BARGER

CourtDistrict Court, E.D. Pennsylvania
DecidedAugust 5, 2020
Docket2:20-cv-01993
StatusUnknown

This text of BARGER (BARGER) is published on Counsel Stack Legal Research, covering District Court, E.D. Pennsylvania primary law. Counsel Stack provides free access to over 12 million legal documents including statutes, case law, regulations, and constitutions.

Bluebook
BARGER, (E.D. Pa. 2020).

Opinion

IN THE UNITED STATES DISTRICT COURT FOR THE EASTERN DISTRICT OF PENNSYLVANIA

IN RE: : : CIVIL ACTION JONATHAN P. BARGER, : No. 20-1993 : Debtor. : :

McHUGH, J. August 5, 2020

MEMORANDUM

This is an appeal of an Order in a pending bankruptcy proceeding that lifted the automatic stay. Appellant Jonathan P. Barger owns a commercial property located at 2505 Orthodox Street, Philadelphia, PA 19137. Appellee Syndcore Holdings, LLC filed a mortgage foreclosure action in May 2017 against the property. Appellant has filed for bankruptcy three times since the foreclosure action was initiated, and until now Appellee has been unable to follow through on the foreclosure due to the bankruptcy stay imposed upon the property. Appellee ultimately moved for relief from the stay, and in an Order dated April 8, 2020, the Bankruptcy Court granted Appellee’s motion. I will affirm. I. Standard of Review “[I]n bankruptcy cases the district court sits as an appellate court.” In re Cohn, 54 F.3d 1108, 1113 (3d Cir. 1995) (citing Brown v. Pennsylvania State Employees Credit Union, 851 F.2d 81, 84 (3d Cir. 1988)). A district court presiding over an appeal of a bankruptcy order “applies a clearly erroneous standard to findings of fact, conducts plenary review of conclusions of law, and must break down mixed questions of law and fact, applying the appropriate standard to each component.” Meridian Bank v. Alten, 958 F.2d 1226, 1229 (3d Cir. 1992) (citing In re Sharon Steel Corp., 871 F.2d 1217, 1222 (3d Cir. 1989)). In considering witness testimony, “due regard shall be given to the opportunity of the bankruptcy court to judge the credibility of the witnesses.” Corestates Bank, N.A. v. United Chem. Techs., Inc., 202 B.R. 33, 44 (E.D. Pa. 1996) (citing Federal Bankruptcy Rule of Civil Procedure 8013).

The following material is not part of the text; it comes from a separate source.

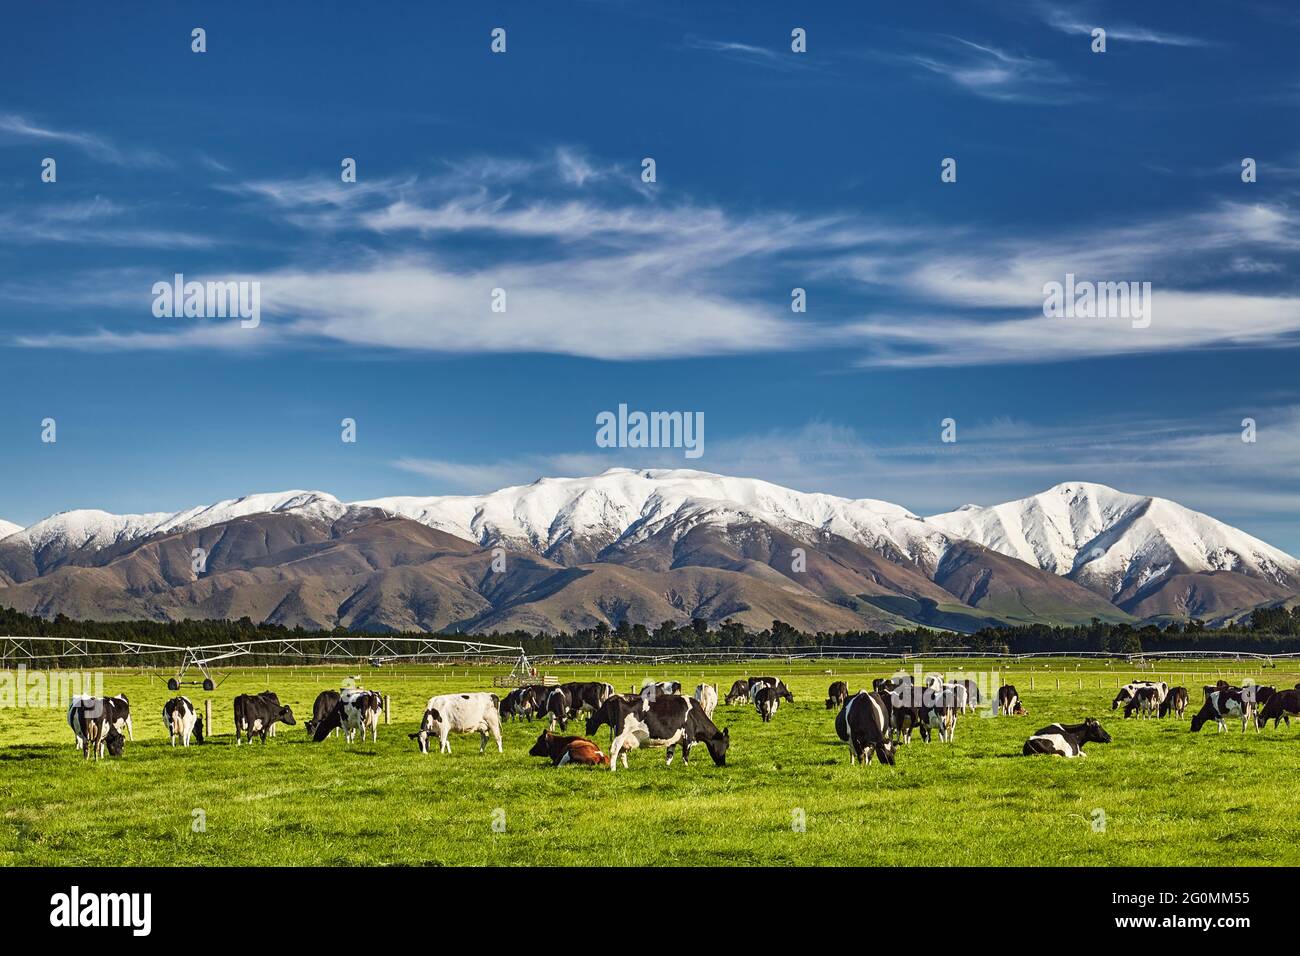 Paisaje con montañas nevadas y el pastoreo de vacas, Nueva Zelanda Foto de stock

II. Discussion At the outset, I will note that the parties dispute the proper valuation of the property, which is relevant under 11 U.S.C. § 506 to determining whether Appellee’s claim is secured or not for the purposes of the pending bankruptcy. Pursuant to the Bankruptcy Code, “[a]n allowed claim of a creditor secured by a lien on property in which the estate has an interest” is secured “to the extent of the value of such creditor’s interest in the estate’s interest in such property.” 11 U.S.C. § 506(a)(1). Such a claim is unsecured, however, “to the extent that the value of such creditor’s interest or the amount so subject to setoff is less than the amount of such allowed claim.” Id. The Third Circuit has adopted a burden-shifting framework applicable to disputes regarding the value of a secured claim. First, “[t]he initial burden should be on the party

challenging a secured claim’s value, because 11 U.S.C. § 502(a) and Bankruptcy Rule 3001(f) grant prima facie effect to the validity and amount of a properly filed claim.” In re Heritage, 679 F.3d 132, 140 (3d Cir. 2012) (citations and quotations omitted). Next, “[i]f the movant establishes with sufficient evidence that the proof of claim overvalues a creditor’s secured claim because the collateral is of insufficient value, the burden shifts. The creditor thereafter bears the ultimate burden of persuasion . . . to demonstrate by a preponderance of the evidence both the extent of its lien and the value of the collateral securing its claim.” Id. (citations and quotations omitted). The debtor, Mr. Barger, argues that the property’s true value is only $20,000, once the cost of allegedly necessary environmental remediation is accounted for. In contrast, the creditor, Syndcore, argues that the property is appropriately valued at $254,230.92. There is no dispute as to the value of Appellee’s lien on the property, which is $243,789.92.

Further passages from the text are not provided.